Keeping every word the same, give again only the lines from the one with "WOZ-waarde Johan Schippersplantsoen" through the end of the data, both included, and leave every picture out.

Recorded data
++++++++++++++++++++

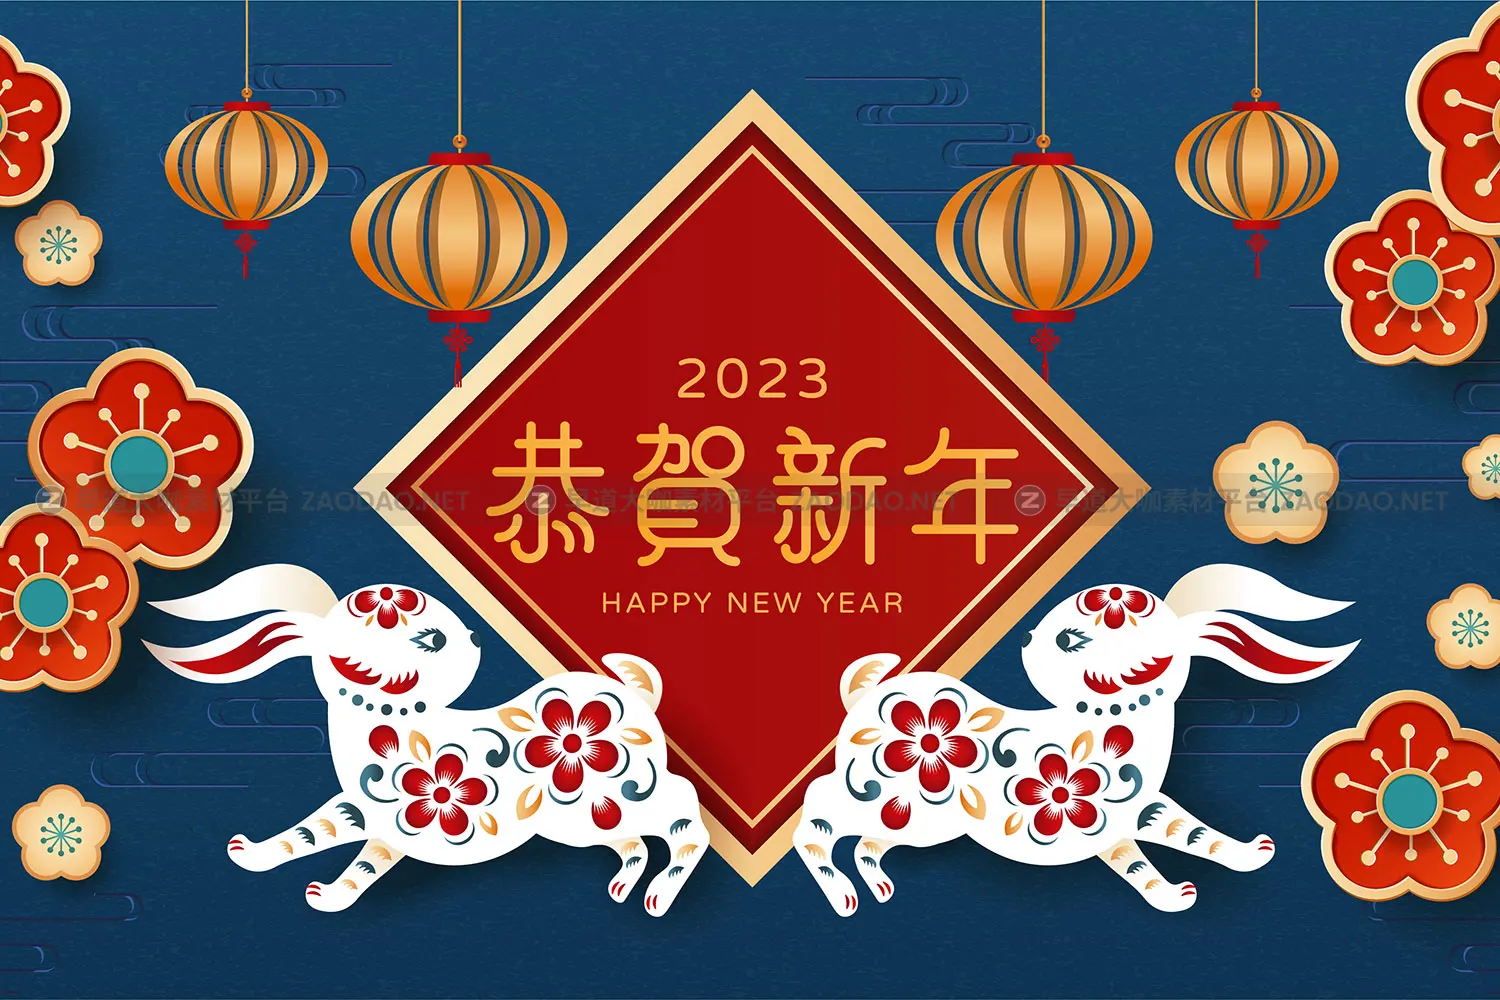 2023农历新年兔年春节恭贺新年拜年红包封面海报设计EPS矢量素材插图
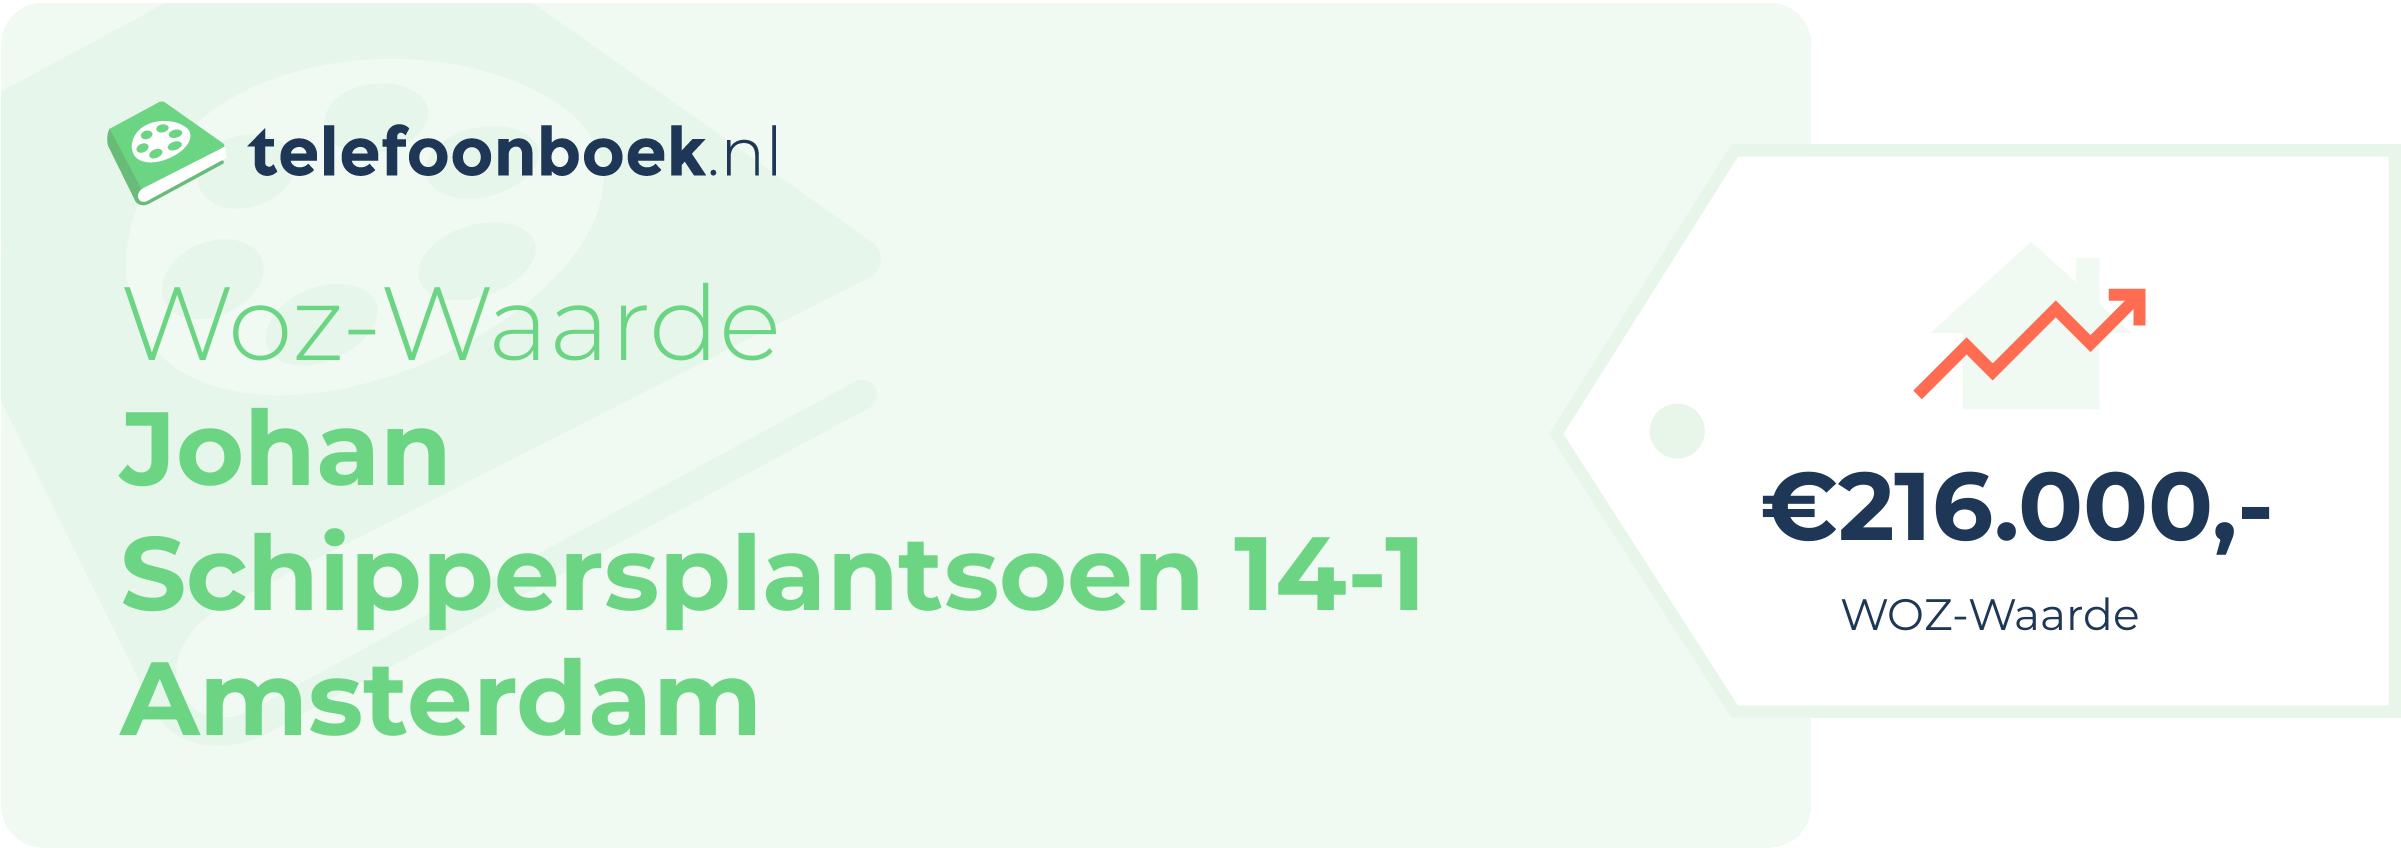 WOZ-waarde Johan Schippersplantsoen 14-1 Amsterdam
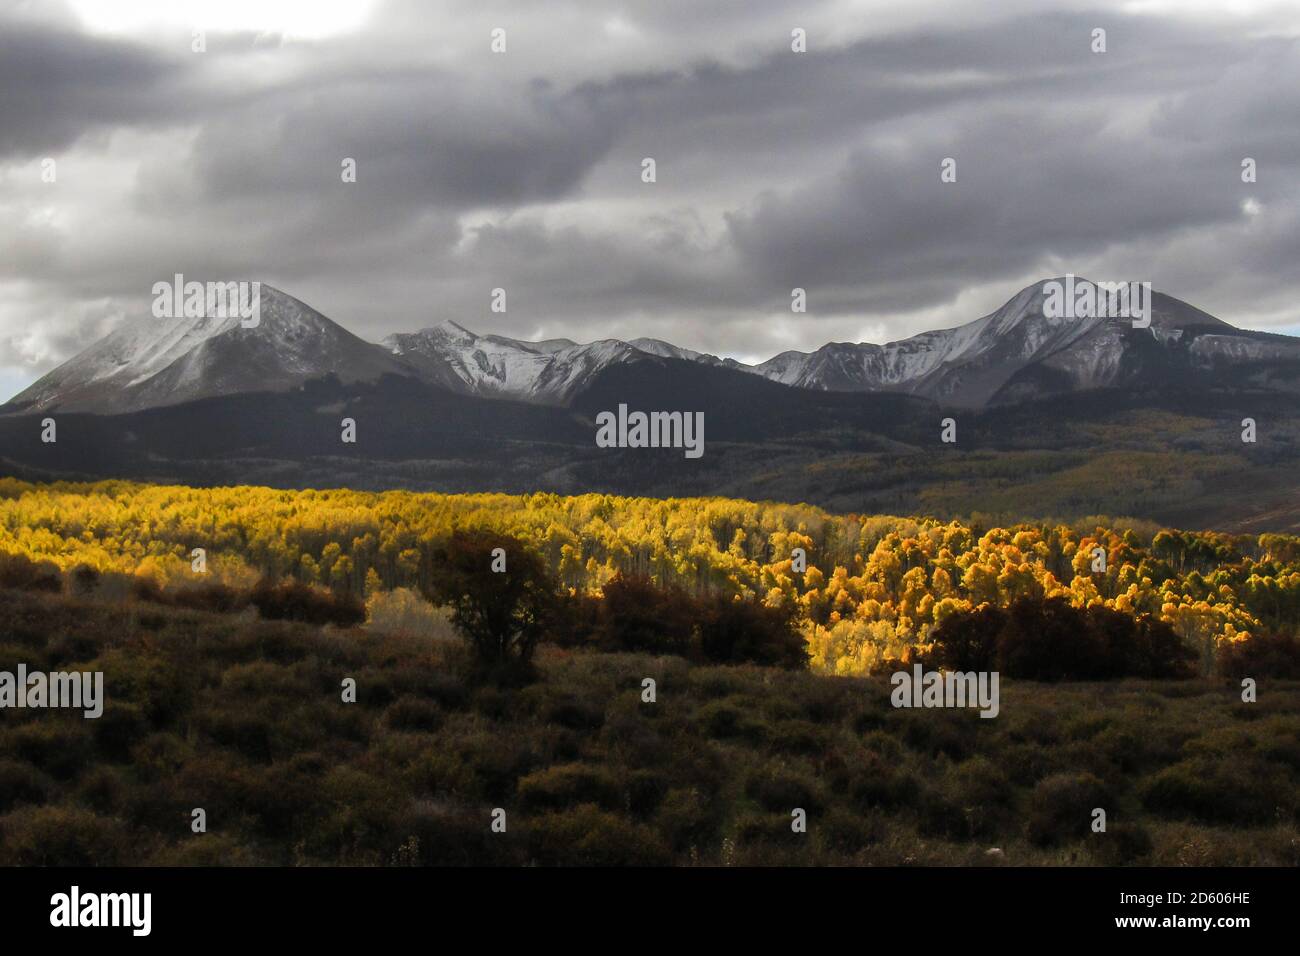 Sturmwolken sammeln sich um die schneebedeckten Gipfel der La Sal Mountains in Utah, USA, mit Aspen in goldenen Herbstfarben, die vom letzten Sonnenlicht i erleuchtet werden Stockfoto
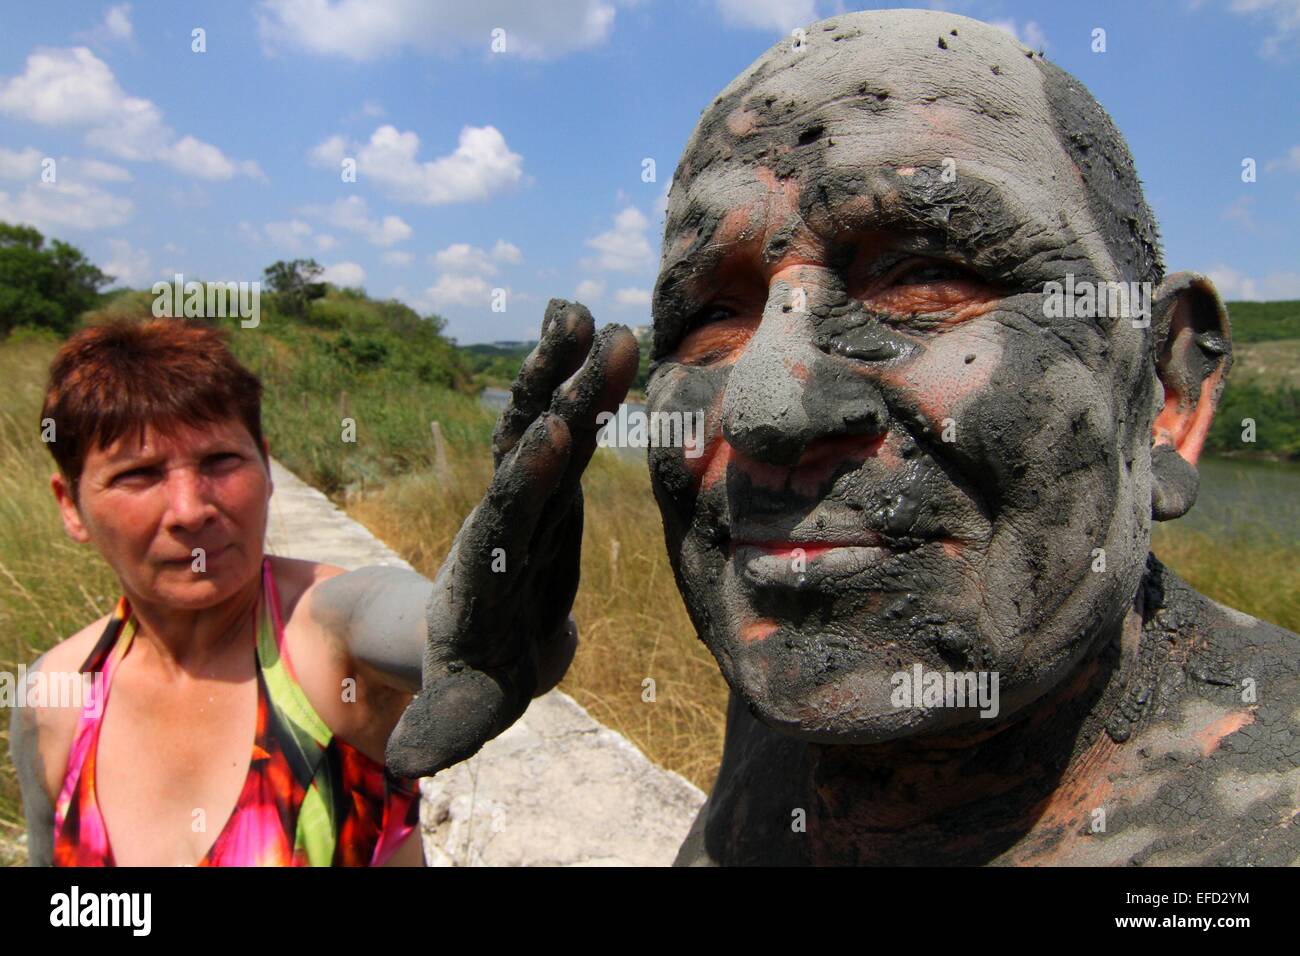 La boue noire de visiteurs sur leur corps comme ils participent à la tradition de l'utilisation de la boue d'un lac près de la mer Noire, l'emplacement de Tuzlata comme purgatif moyens de guérir divers maux corporels. On croit que le qualités réparatrice o Banque D'Images

++++++++++++++++++++

Result below
 WOZ-waarde Johan Schippersplantsoen 14-1 Amsterdam
 Sturmwolken sammeln sich um die schneebedeckten Gipfel der La Sal Mountains in Utah, USA, mit Aspen in goldenen Herbstfarben, die vom letzten Sonnenlicht i erleuchtet werden Stockfoto
 La boue noire de visiteurs sur leur corps comme ils participent à la tradition de l'utilisation de la boue d'un lac près de la mer Noire, l'emplacement de Tuzlata comme purgatif moyens de guérir divers maux corporels. On croit que le qualités réparatrice o Banque D'Images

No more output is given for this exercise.